Stephen VasciannieHERE IS a general listing of the human rights guaranteed to each person under the Jamaican Constitution:
(a) The right to life
(b) Freedom from arbitrary arrest
and detention
(c) Freedom of movement
(d) Freedom from inhuman treatment
(e) Rights with respect to compulsory acquisition of
property
(f) Privacy rights for home and other property
(g) Rights to secure the protection of law (including, among other things, a fair, public trial, within reasonable time, by an independent and impartial court; the presumption of innocence; adequate time for preparation of defence; the opportunity to defend oneself or to choose legal representation; the right to confront witnesses called by the prosecution; non-retroactivity with respect to laws; and freedom from double jeopardy)
(h) Freedom of conscience (including freedom of thought and religion)
(i) Freedom of expression
(j) Freedom of assembly and association
(k) Protection from discrimination on grounds of race, place of origin, political opinions, colour or creed.

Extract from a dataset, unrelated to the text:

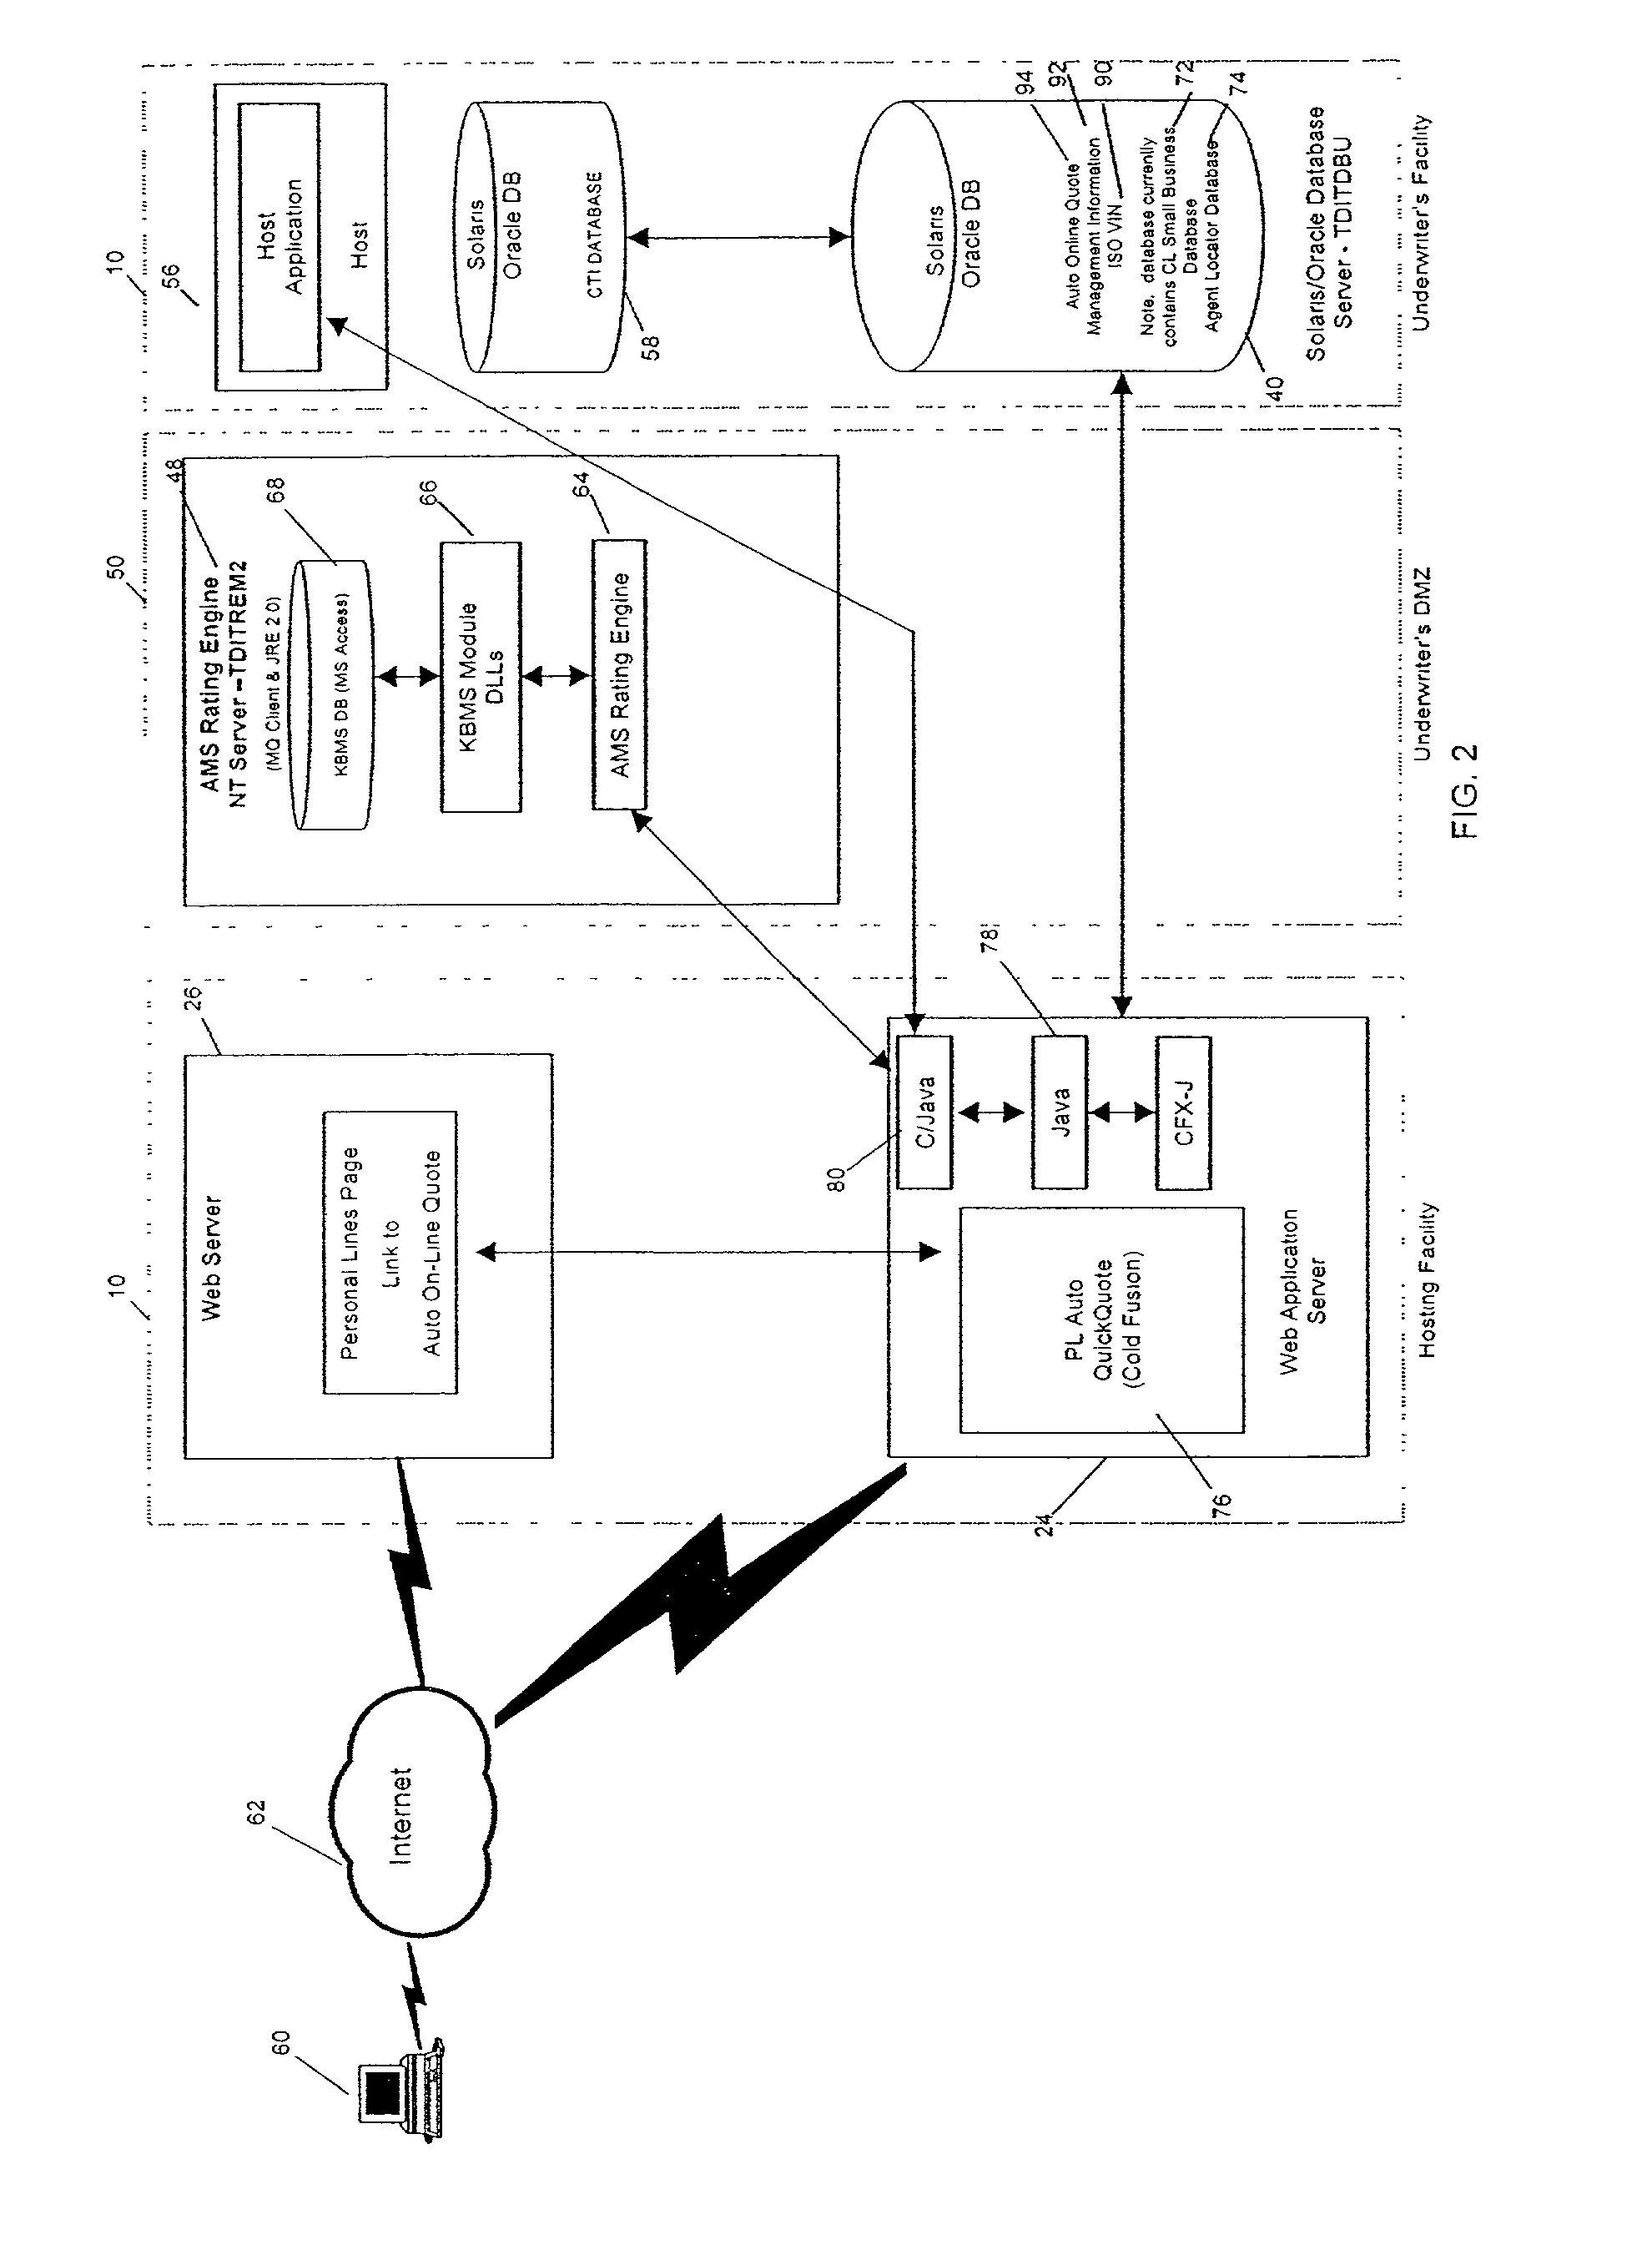 Method and system for furnishing an on-line quote for an insurance product

The Jamaican Constitution further provides that if a person alleges that any of the rights listed above have been violated, (s)he may apply to the Supreme Court for redress, and may pursue appeals from the Supreme Court to the Court of Appeal if satisfaction is not obtained.
In addition, the Constitution provides that the Supreme Court shall not proceed to hear a case concerning the foregoing rights if it is satisfied that the complainant has adequate grounds of redress under any other law. So, the human rights in the Constitution act as a kind of final defence mechanism against encroachments on individual liberty and personal dignity.
This broad listing of human rights is consistent with the approach taken by most countries that have adopted the Westminster Export Model Constitution; thus, the situation in Jamaica is broadly similar on paper to that in the rest of the Anglophone Caribbean, as well as other Commonwealth countries. One possible advantage of the commonality of human rights, as derived from Westminster, is that issues of interpretation may be approached from a broad base: so, for instance, in determining the parameters of the right to life in practice, Jamaican Courts may seek guidance from similar jurisdictions, as they may consider appropriate.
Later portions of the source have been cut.